We can visualize how different individual runs are from the mean with a dot plot. We use searches for "commit suicide" as an example. Each vertical line is a (randomly sampled) date. The black line is the mean for all runs, and the colored dots represent a different run.

set.seed(1234)
df <- full_data_list[[1]]
long_df <- melt(df %>% filter(complete.cases(.)) %>% sample_n(60), id = "timestamp", value.name = "searches", variable.name = "run")
long_df$run <- gsub("run", "", long_df$run)
long_df$timestamp <- ymd(long_df$timestamp)
long_df <- long_df %>% arrange(timestamp)

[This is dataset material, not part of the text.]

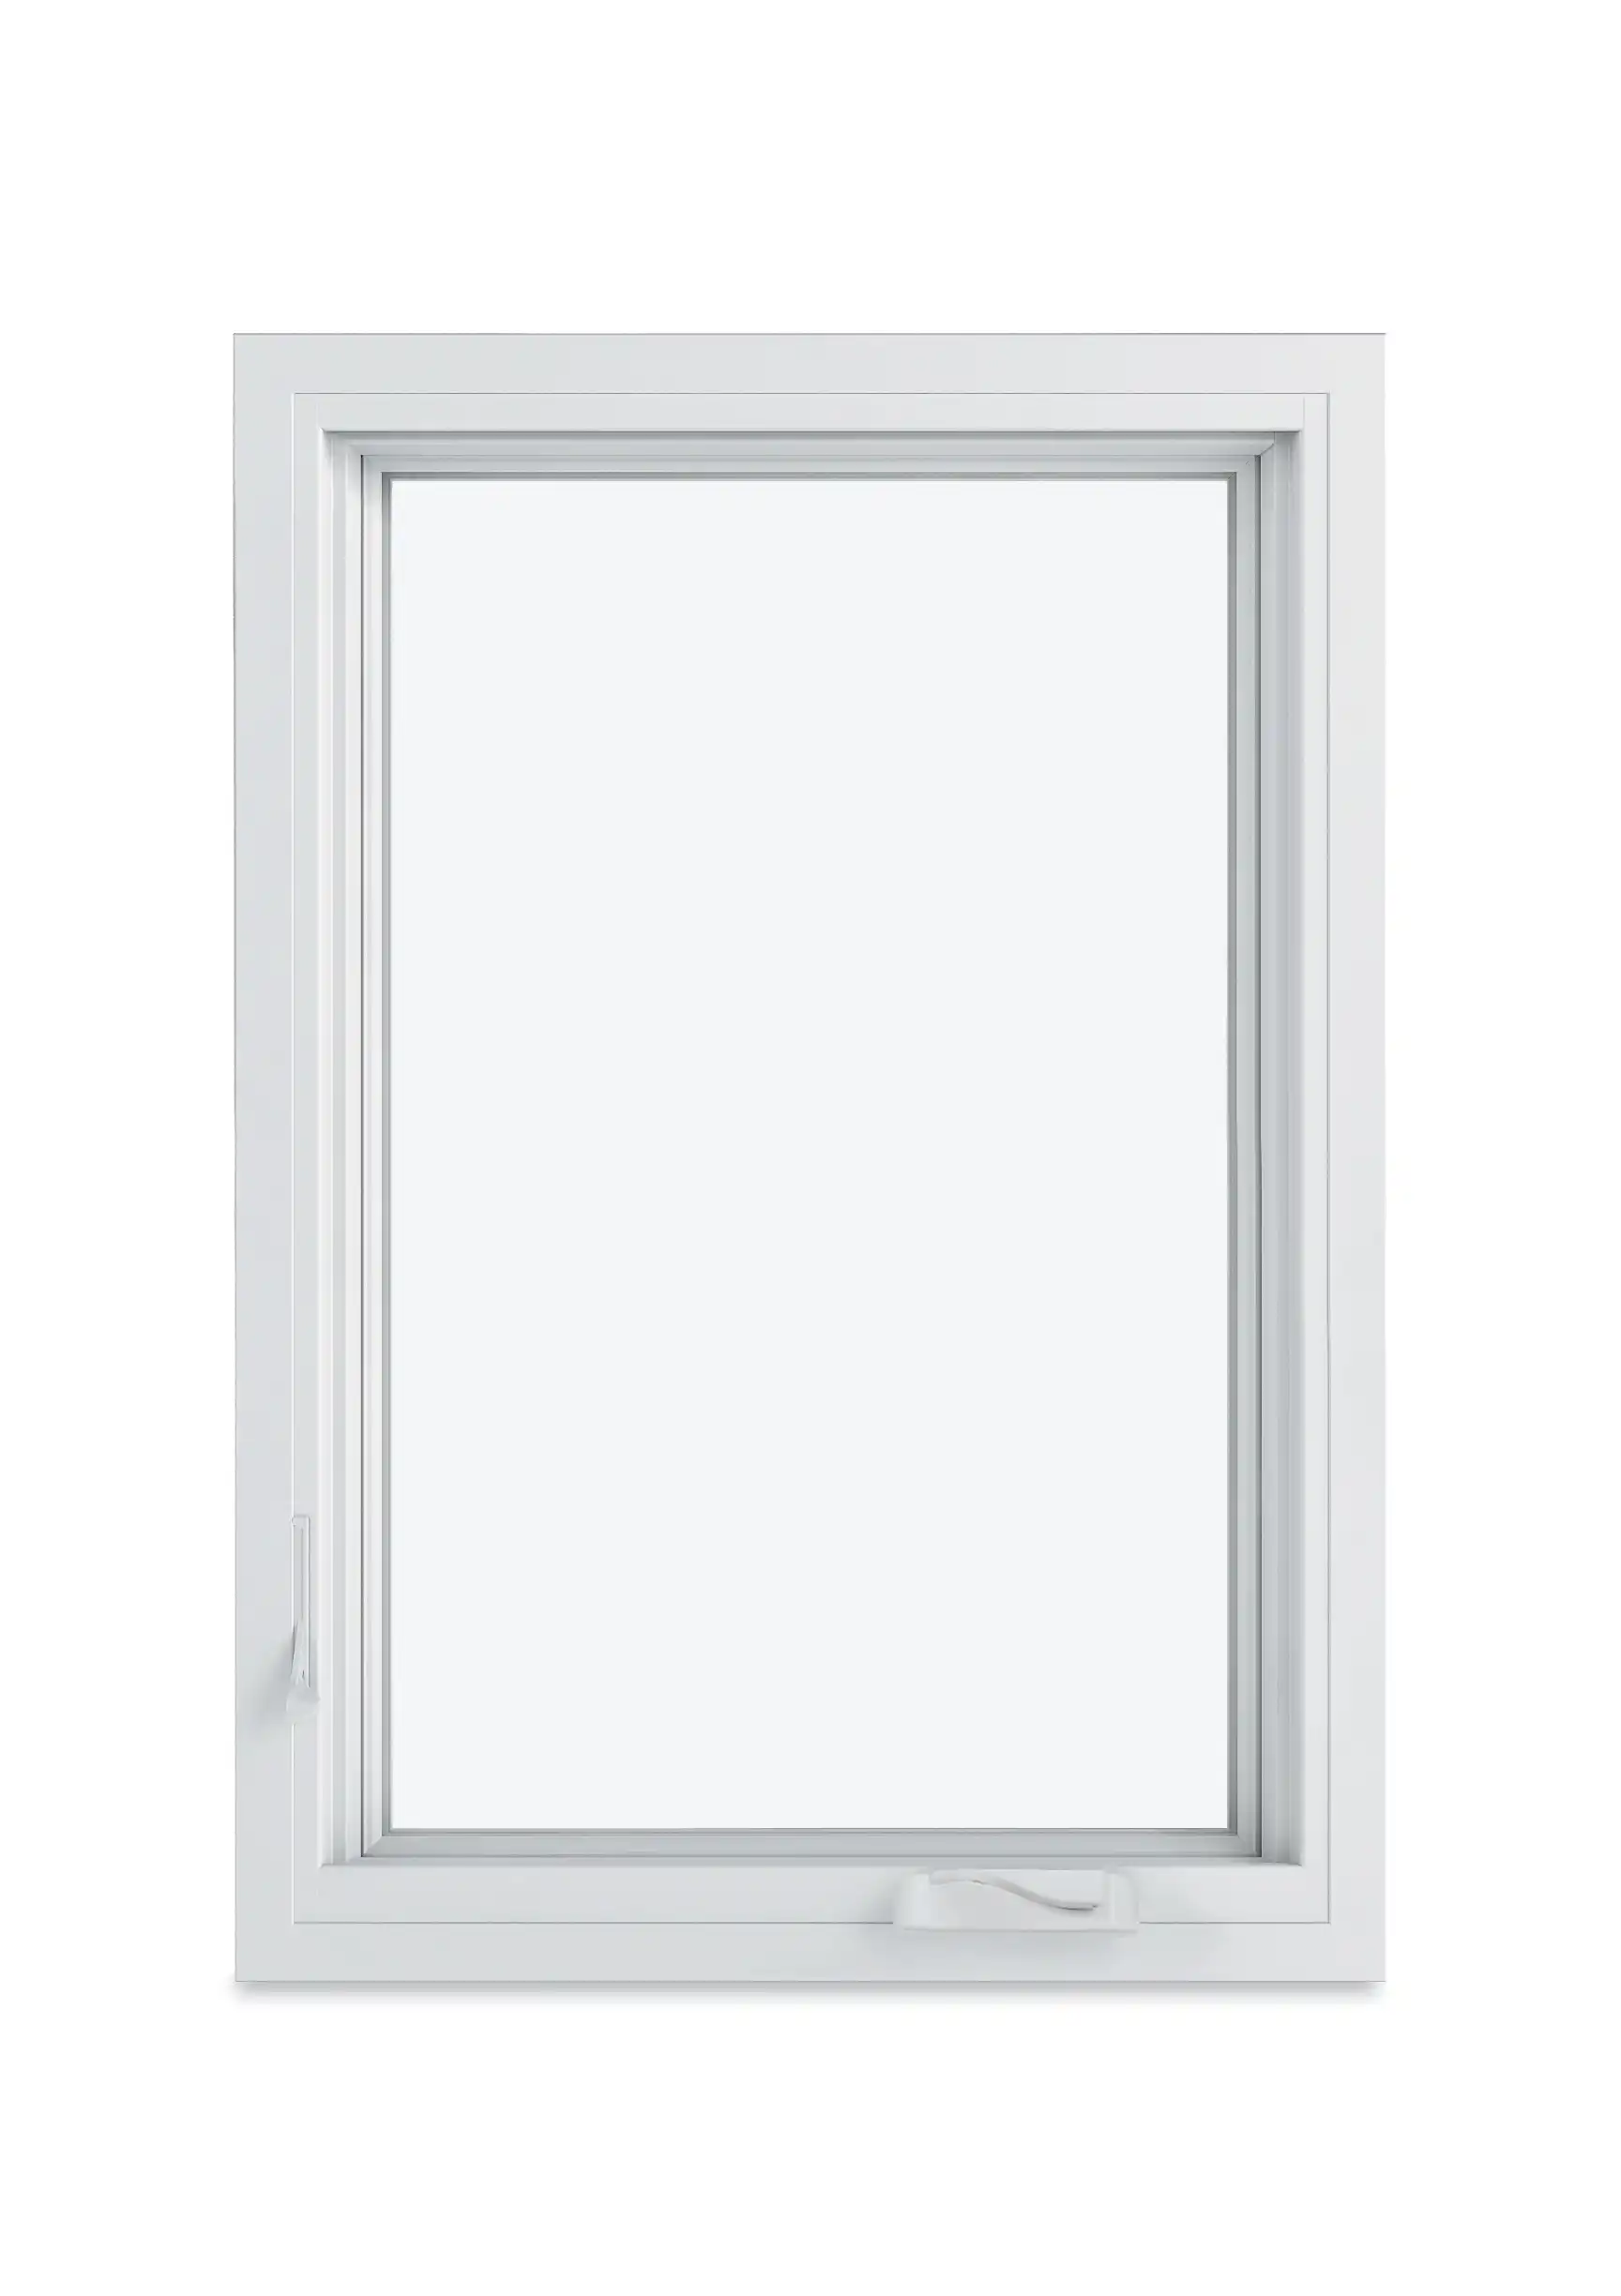 View of a standard Marvin Replacement Casement window.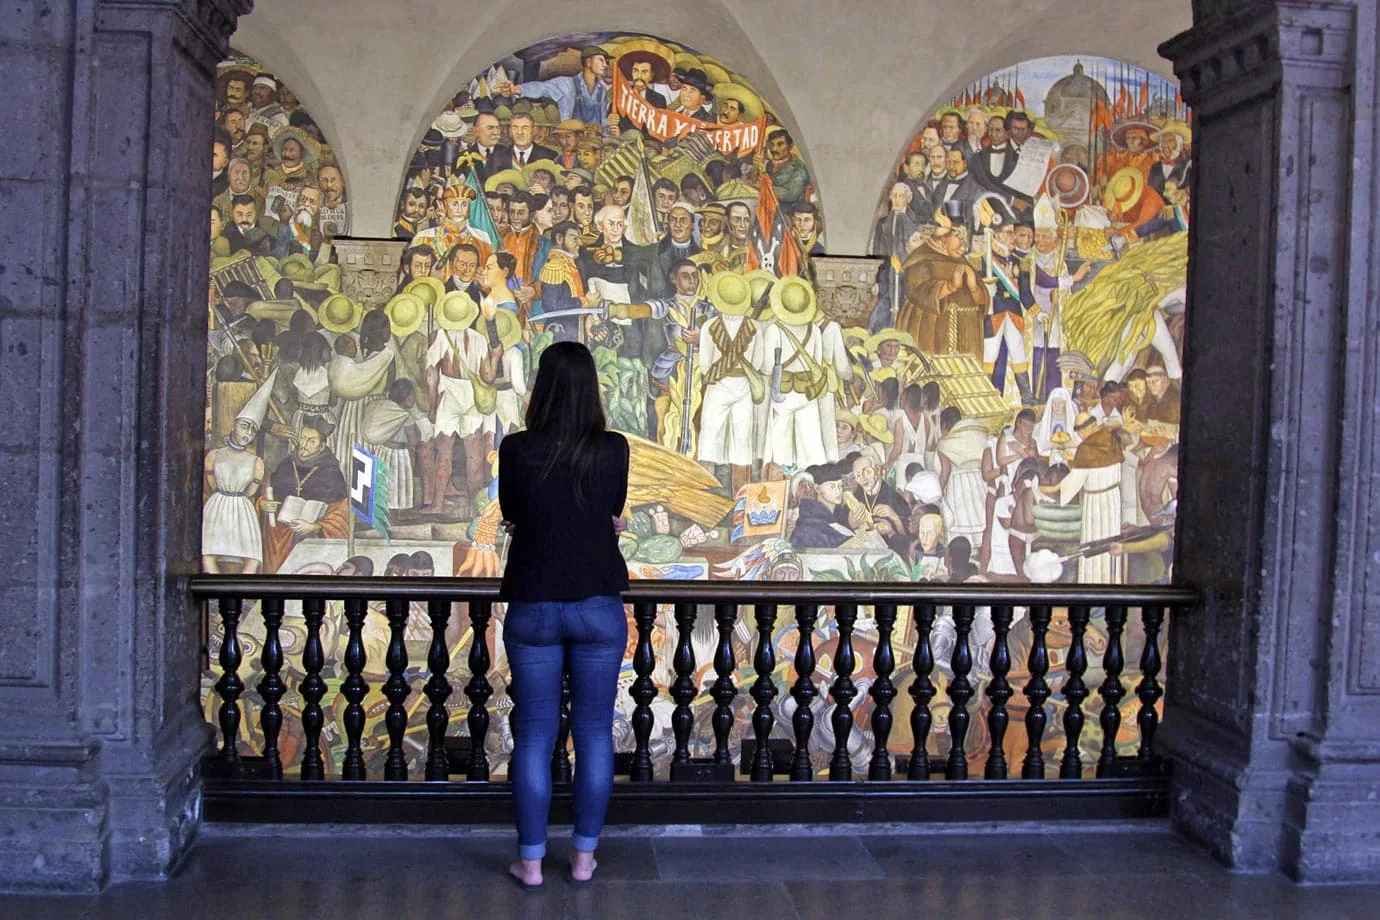 Looking at a mural in the National Palace of Mexico

grouped_df <- long_df %>% group_by(timestamp) %>% summarise(meansearches = mean(searches, na.rm = T)) %>% ungroup()

p <- ggplot(long_df)
p <- p + geom_vline(aes(xintercept = timestamp), linetype = "dotted")
p <- p + geom_point(aes(x = timestamp, y = searches, col = run))
s1 <- seq.Date(min(ymd(long_df$timestamp)), max(ymd(long_df$timestamp)) + 28, by = "1 month")
p <- p + scale_x_date(
    lim = c(min(s1), max(s1)),
    breaks = s1,
    labels = function(x) format(x, format = "%b %Y")
  )
p <- p + geom_line(data = grouped_df, aes(x=timestamp, y = meansearches))
p <- p + theme_classic()
p <- p + theme(axis.text.x = element_text(angle = 55, hjust = 1))
p <- p + labs(
  x = "Date",
  y = "Query Fraction for 'Commit Suicide'",
  col = "API Run"
)

ggsave("./output/commitsuicide_dotplot.png", p, width = 10, height = 4)

commitsuicide-dotplot

In summary, when you request the search volume for a given term on a given date from the Google Trends API, you need to know that this data is sampled. From this basic test, it seems that the data Google returns is, in itself, highly variable -- even when you request the same data for the same terms within just a few seconds of each other. Standard statistical analyses that assume each data point is its true value (rather than a value with randomness of its own) will underestimate standard errors.